So, I wanted to share a little about myself and dive into this bike. I'm 6'1", weigh about 160, and have a motocross background. I have zero mountain biking experience other than 2 summers with a really old cross country bike. This is my third summer riding and first summer with the Giga. I wanted something super capable of steep technical riding that reminded of my dirtbike. I have logged just under 250 miles on this bike all of which has been this summer in Tahoe, I'm still messing around with the suspension and don't think it's fully dialed in yet. That being said, I already love the way it handles and know it will only get better with a few more tweaks. I'll break this down into categories for easy browsing:


*Climbing *- This bike spins remarkably well up hills. My suspension is set a little stiffer to avoid any extra movement on the climbs. I found the climb switch not very useful and have tuned my suspension so that I never use it. The seated position feels very centered in the bike and I feel like I've got a good balance of weight front to rear for tough technical climb sections without having to move around much to get great traction. I've got to keep a vigilant eye out for pedal strikes. Leaning the bike over and pedaling can get tricky in rocky terrain. 

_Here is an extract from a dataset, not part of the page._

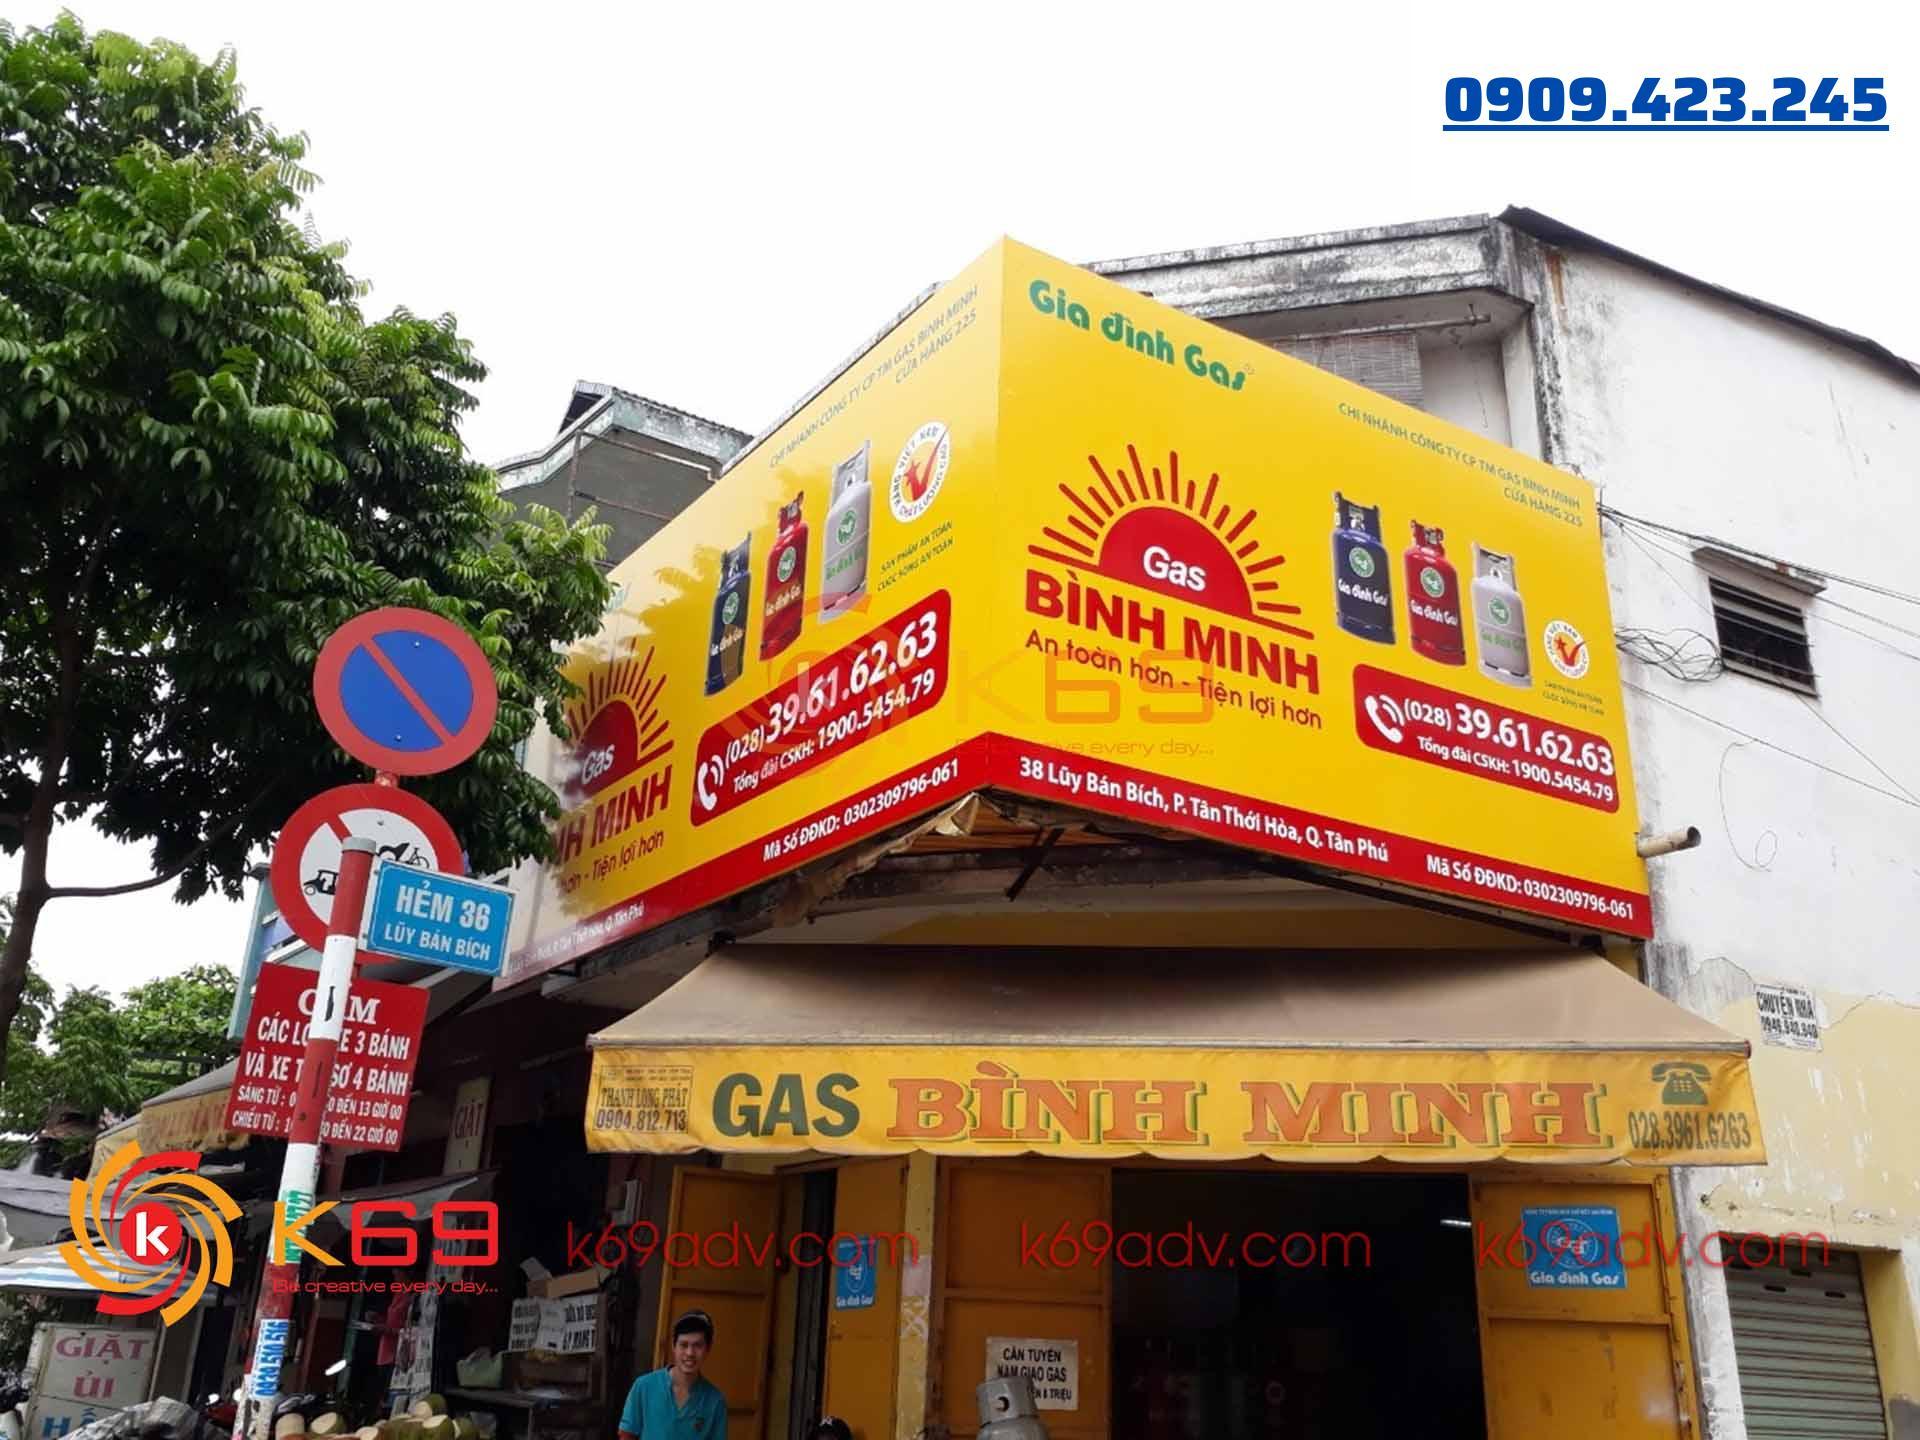 Làm bảng hiệu bạt hiflex tại quận Tân Phú do K69adv thi công

*Composure & Agility - *Composure could be the one word to describe the entire experience of this bike. With a 63.5 degree head tube angle tight turns will feel a little muted. Personally I love that feeling and appreciate a stable platform where your input is required. My XC bike felt hyper sensitive turning and this bike dials that out quite nicely. This means that really tight turns require a little more deliberate line choice. The confidence inspiring nature of this bike is unreal. High speed anything - turns, drops, chunk - this bike doesn't care. You just point it and it asks how much faster you want to go through it. As trails get harder and more technical this bike remains unfazed. Speed is where this bike really shines and shows it's intended purpose. With higher speeds this bike feels incredibly lively and agile reminding you that a change in line choice would be an easy task.

*Cornering - *I've been working out how to corner this bike as it's quite different than my XC bike. The steep seat tube angle has me sitting much more upright and the seat is further forward in the frame. I've found using the dropper post is a must. Once I'm descending with the seat dropped, I can lay this bike over quite far and it rails through corners. This bike will carve through a corner with remarkable composure. I'm still working on my cornering technique and this bike demonstrates how much more capable it is than I am. 

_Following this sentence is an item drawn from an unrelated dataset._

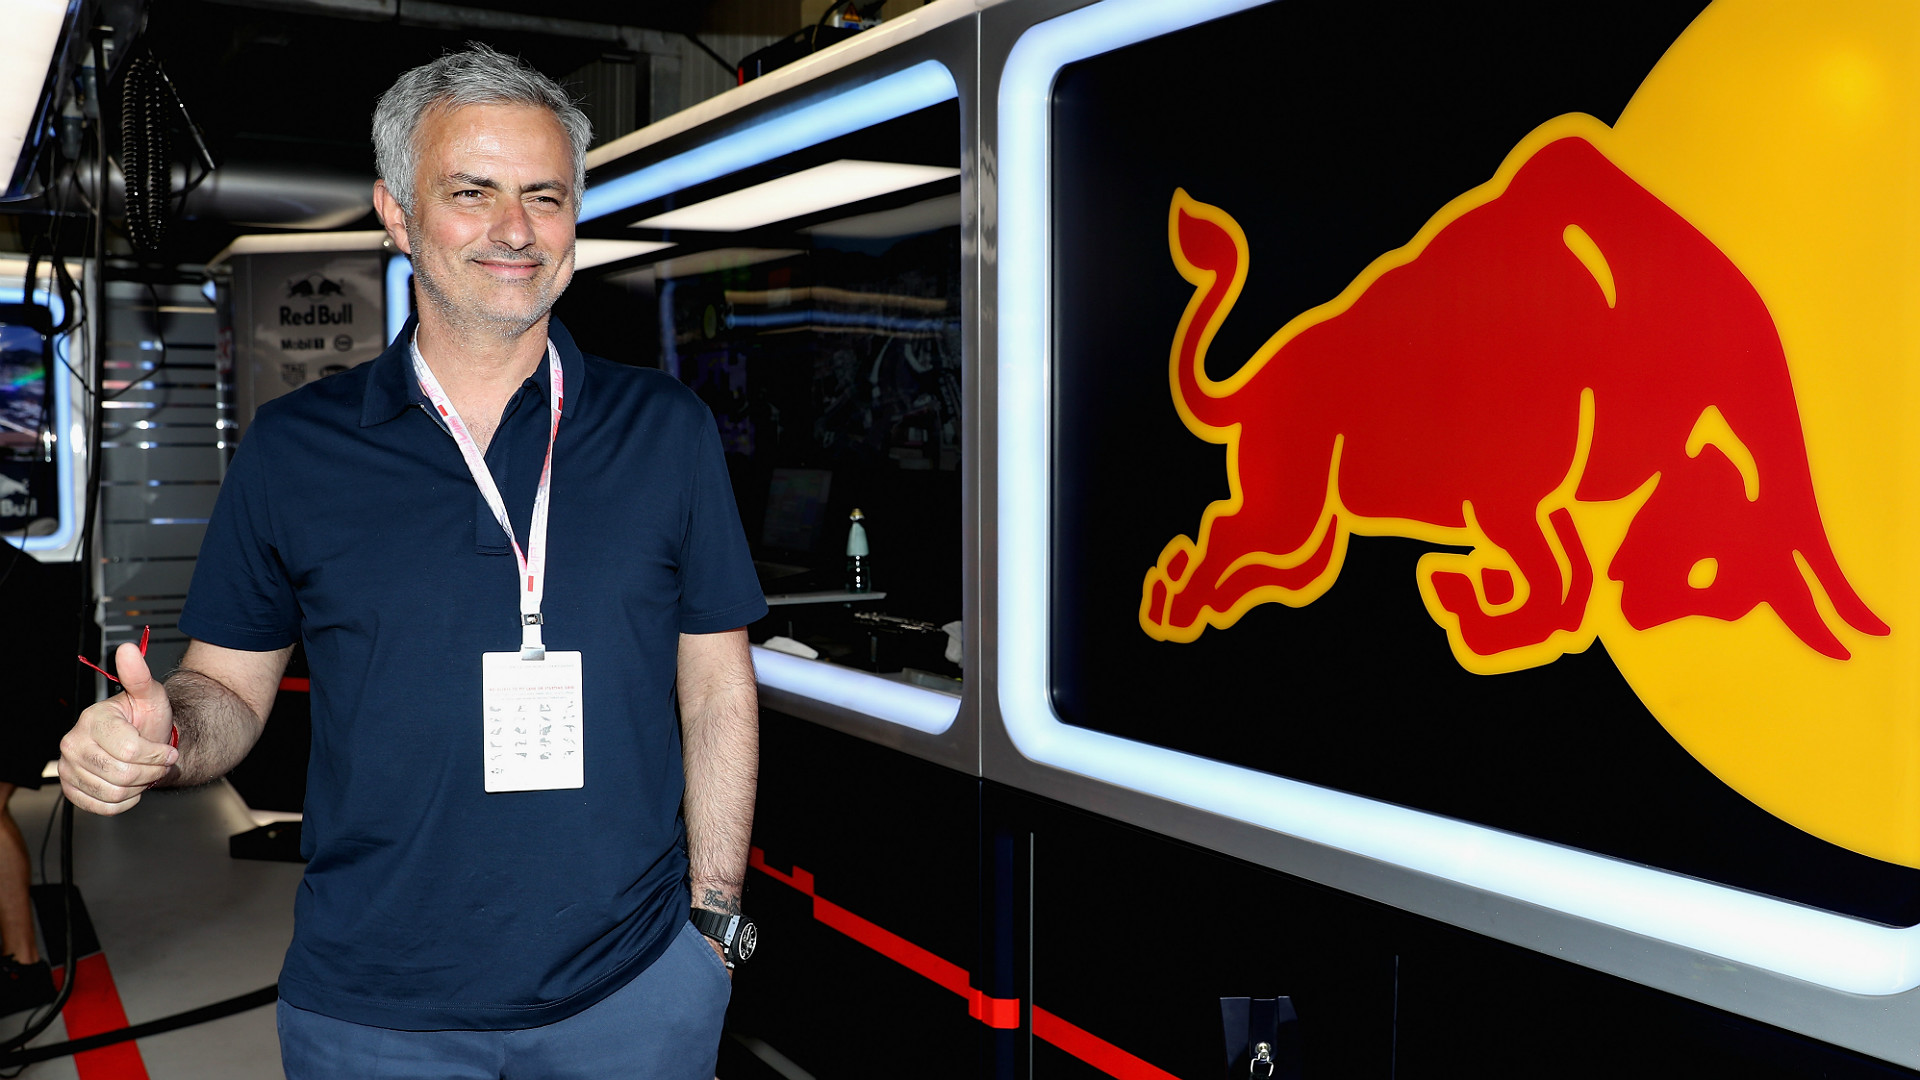 Jose Mourinho F1 Monaco Grand Prix

*Brakes / Tires -* Came with SLX brakes, 203mm rotors front and rear, and Michelin enduro 2.4 wild tires front and rear. The stock brake lever throw wasn't sensitive enough for me. I modified the SLX brakes to feel more sensitive and after that minor change they are amazing. I never have any issues with brake fade on long descents. I tend to ride rear brake heavy as well(moto habit). The modulation is amazing - set to lock up with the shortest throw possible and the brake feedback is perfect. You can tell exactly hard you can brake before locking them up. For me I ride on a lot of loose over hard-pack. These tires just don't have consistent predictability for my riding areas. I am happier with the rear tire than the front tire. But, they work well enough that I don't want to waste the money on new tires until they are worn out. I am looking forward to that upgrade though.

*Overall Impression -* This is bike a lot heavier than a cross country bike. It will make flat, flowy, mellow trails feel boring. I doubt anyone reading this would ever consider this bike for cross country trails. If you want something that can climb quite well, feel super stable and playful at speed, truck through anything you want, and just tell you to do bad things then this is the bike for you. The way this bike inspires me to ride is really helping with my progression. Speed is the life blood of this bike and it will ask for that every time you set foot on it. The liveliness and confidence inspiring nature of this bike has me hooked. Flat trails have become boring and that's quite okay with me. I have a feeling I'm gonna be riding this bike for years to come.


----------